Im Vorfeld der Landtagswahlen 2013 kommentierten die damals in der Opposition befindlichen Sozialdemokraten in Übereinstimmung mit den Gewerkschaften den zehn Jahre zuvor stattgefundenen sozialen Kahlschlag wie folgt: „In Wahrheit war es eine ‚Operation Düstere Zukunft‘. Manche Einrichtung wurde geschlossen, andere konnten nur durch den Einsatz von kommunalen Mitteln überleben. Wartezeiten wurden länger, Mitarbeiterinnen und Mitarbeiter verloren ihren Arbeitsplatz.
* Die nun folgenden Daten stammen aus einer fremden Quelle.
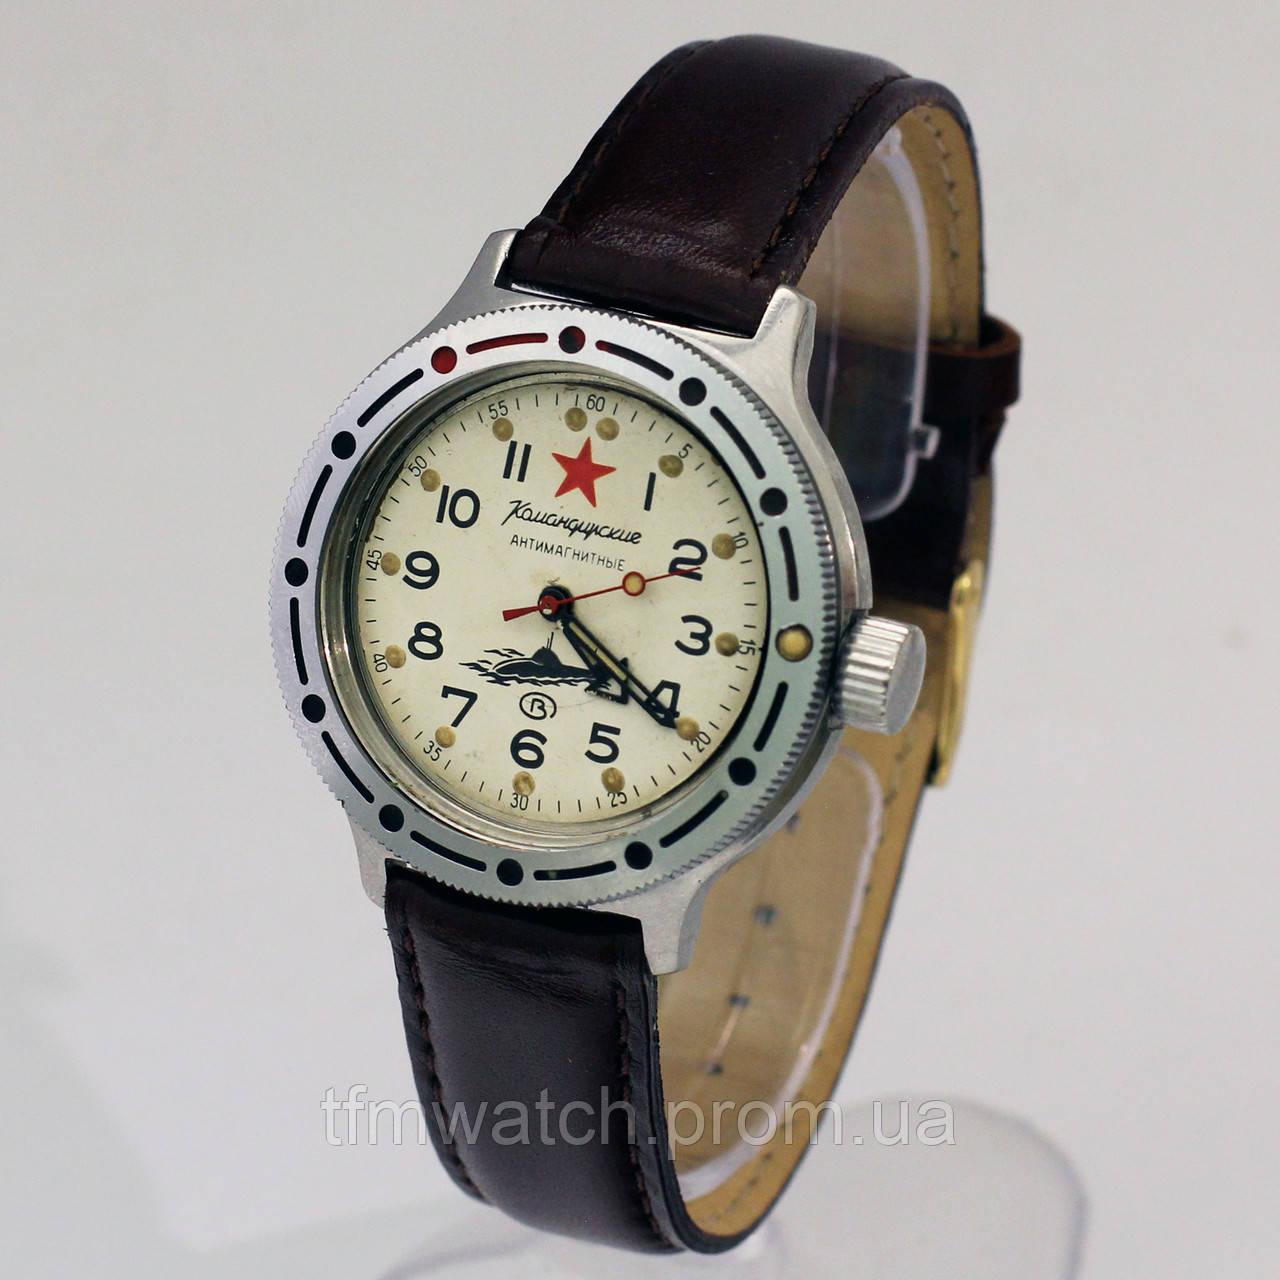 Оригинальные часы CASIO EDIFICE EFA- 121 D-1A. Магазин.

Das soziale Hilfsnetz in Hessen wurde nachhaltig beschädigt.“
Heute heißt es von der Parteispitze, man werde „an allen Ecken und Enden“ sparen müssen. Für die Sozialdemokratie sei es wichtig, dass Steuergeld effektiv eingesetzt werde und die Priorität dabei auf dem Ankurbeln der Wirtschaft etwa über den geplanten „Hessenfonds“, die Gewinnung von Fachkräften, den Ausbau von Kitas und die Stärkung der Kommunen liege. Wenig genutzte Förderprogramme müssten auf den Prüfstand. Wenn man klug priorisiere, könne das Leben der Hessinnen und Hessen trotz der Einsparungen verbessert werden. Wie dies angesichts von geplanten Kürzungen in fast doppelter Höhe des Sozialkahlschlags von 2003 konkret geschehen soll, bleibt das Geheimnis der SPD-Führung.